Jake’s delayed coming of age tale is nothing new in the navel-gazing era of indie comedies—last year’s The Skeleton Twins covered similar prolonged-adolescence ground, and to better effect—but the script, based on a story concept by Kroll, does make a few nice adjustments to the formula that keeps the movie from going full-cliché. It’s not quite enough to rescue Adult Beginners from the VOD bargain bin, but overall this is a harmless, mild-mannered movie of modest means and goals. It coasts on the charm of its cast, but there are worse things. Like Michael Bay movies.
The feature film debut of director Ross Katz, Adult Beginners suffers from TV-itis—it looks like a TV show. Katz’s direction is not dynamic, and while it’s nice to see good actors allowed to work in longer-than-two-minute increments, there’s no visual style. It makes it a little hard to focus, frankly, because we’re not being asked to engage with the visual language of the movie. Instead, we watch passively as things occur on screen, everything shot in the same flat light and mostly with the same middle-distance framing. The technical aspects are serviceable, but nothing more, so it’s a really good thing the cast is so good.

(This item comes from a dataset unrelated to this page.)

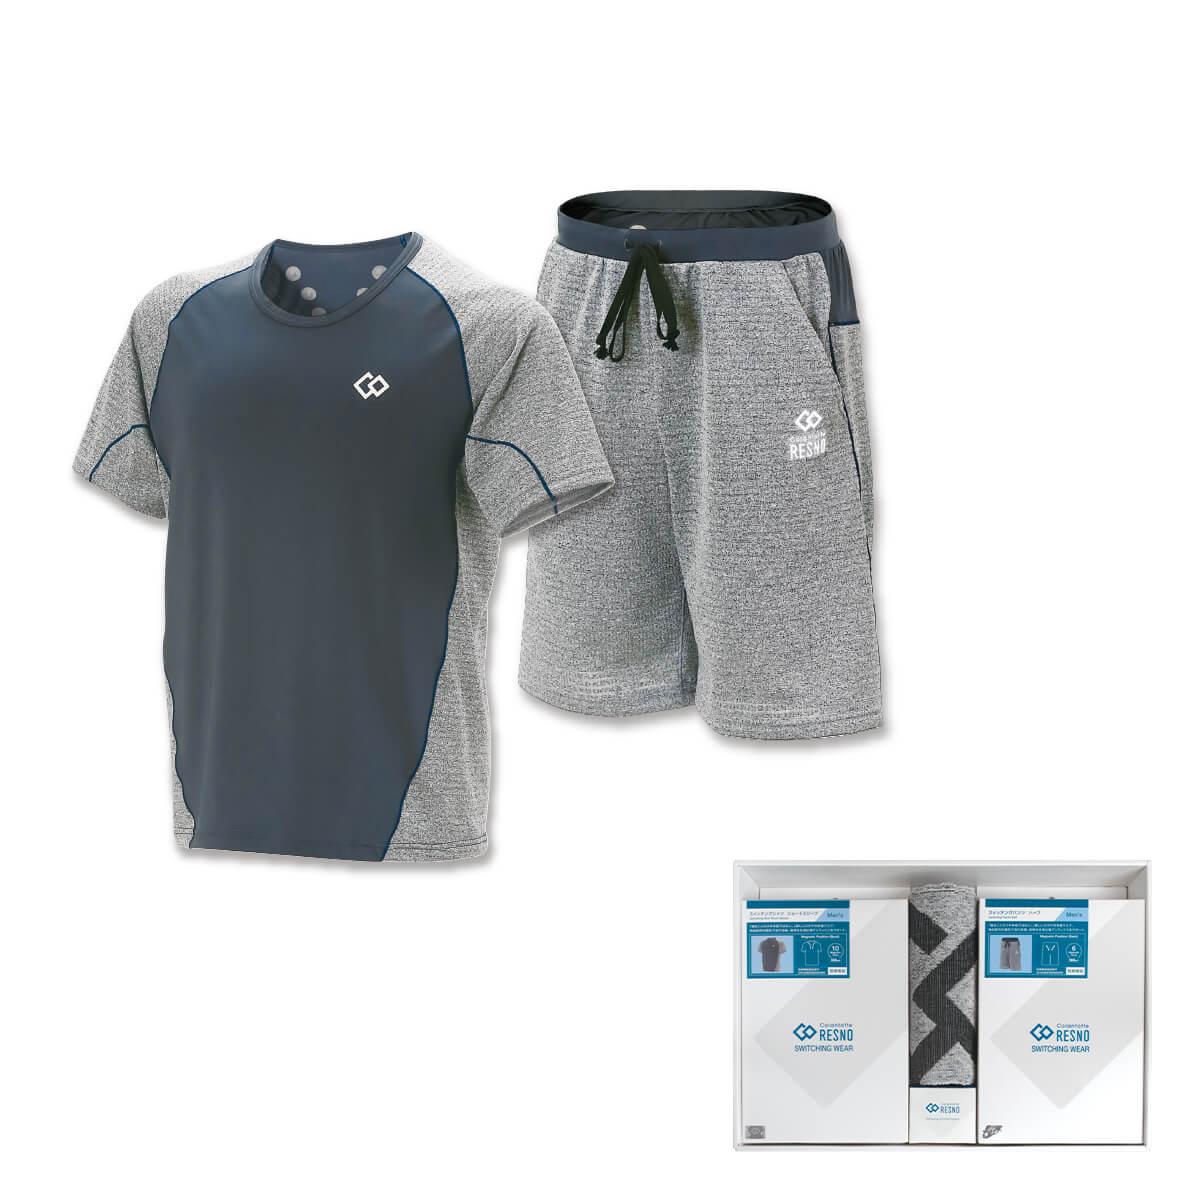 コラントッテRESNO スイッチングシャツ & パンツセット MEN'S(ショート × ハーフ)

Because seriously, they are so good. Kroll is a top-notch sketch performer, and he is able to translate his character skills into fleshing out Jake as a real person. It would be easy for Jake to be a cartoon man-child, but Kroll throws some depth and an unashamed self-awareness into Jake that make him likeable despite his dickhead behavior. Similarly, Byrne is able to keep Justine from being a cliché suburban hausfrau, overworked and underappreciated, mostly by playing on Justine’s latent recklessness. But Cannavale is the stand-out, playing both Danny’s good side and darker impulses without any real swing in temperament or delivery. It’s not two sides of the same coin—Danny is a whole person, neither good nor bad, but capable of both. He comes across as the most immediate and real of the characters because of it.
Adult Beginners is so middle of the road it’s hard to pick on it. It’s proficient enough to avoid scathing criticism, but it’s not good enough to inspire passion. If you’re a big fan of either Kroll, Byrne, or Cannavale, it’s worth a watch, but otherwise I’d recommend looking up Win Win. It’s the same kind of slice-of-life dramedy as Adult Beginners, but it’s a far more interesting and entertaining movie. I wonder what this script looked like when Kroll was the sole screenwriter, before other writers were brought on for re-writes. Kroll’s sketches range from brutally satirical to completely daffy, and I wonder if Adult Beginners wasn’t supposed to be, in his mind, darker and less well-adjusted. But you can feel the watering down of the initially prickly premise in favor of delivering a happy ending, and it’s that sense of bland appeasement that keeps it from being anything, really.